L’effervescence de l’action internationale a été tout à fait remarquable depuis l’intronisation
du concept de développement durable par le rapport Brundtland en 1987 : sommets et
rencontres dont récemment Monterrey, Johannesburg et Kyoto, actions multilatérales,
plusieurs protocoles dont Kyoto sur le changement climatique, etc. Ceux qui se laissent aller à
l’impatience en constatant la maigreur des résultats concrets oublient que 15 ans sont une
période très courte pour tirer les leçons opérationnelles d’une prise de conscience encore
partielle. On pourrait presque renverser la perspective et trouver remarquable que tant ait pu
être fait sur des sujets si nouveaux en si peu de temps. Les sommets internationaux,
notamment, se tont transformés : les décisions ne relèvent plus seulement de la vision et de la
détermination des gouvernants, mais répondent aussi à l’influence de nouveaux acteurs que
sont les sociétés civiles, les entreprises (très présentes par exemple à Johannesburg et au
sommet mondial de l’eau à Kyoto), et les « communautés épistémiques », groupements de
scientifiques dont le consensus en matière de diagnostic contribue à guider la réflexion et la
prise de décision. L’évolution du contexte perceptif et cognitif est dorénavant au cœur de la
contribution de sommets que l’on juge en général trop sur des conclusions officielles
insuffisamment offensives.
Le développement durable résulte de l’interaction féconde entre les comportements sociaux,
l’économie, et la consommation ou la préservation du capital naturel. Une stratégie de
développement durable consistera donc à gérer le compromis nécessaire entre ces trois pôles.
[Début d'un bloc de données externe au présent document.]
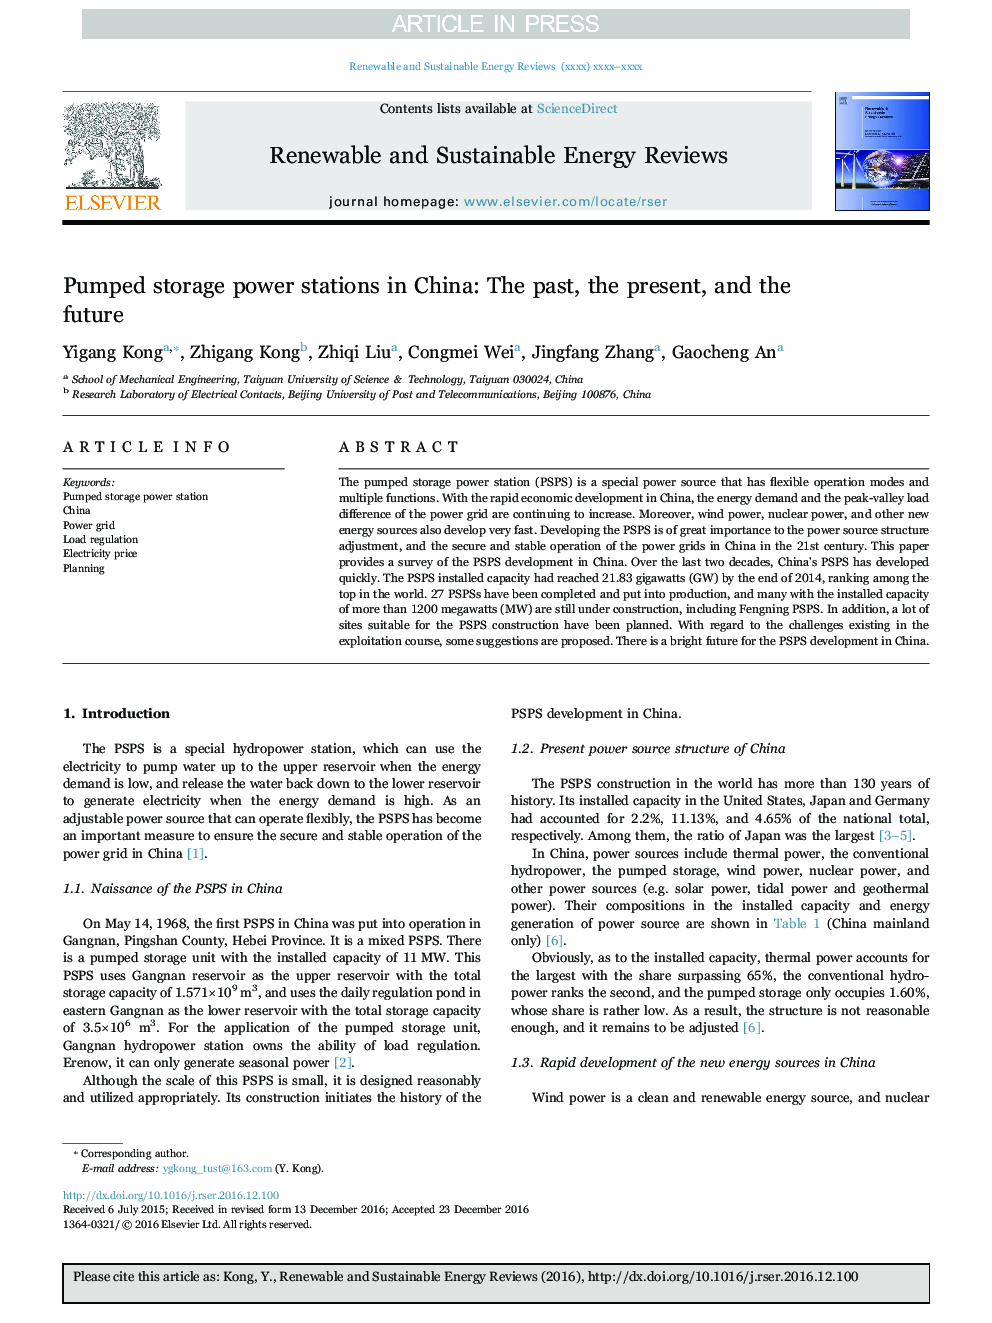 Pumped storage power stations in China: The past, the present, and the future

Or, cette interaction sera gérée différemment suivant les cultures locales, l’héritage historique,
les institutions propres à chaque nation, la nature du progrès technique. La réalisation du
compromis nécessaire sera donc fondamentalement d’abord nationale, politique et
contingente. Dans la mesure où certains des enjeux sont internationaux ou globaux, il faut en
outre parvenir à établir un « compromis des compromis » pour définir les modalités de
l’action internationale pertinente, démarche évidemment doublement complexe. Il n’y a donc
pas une seule voie du développement durable.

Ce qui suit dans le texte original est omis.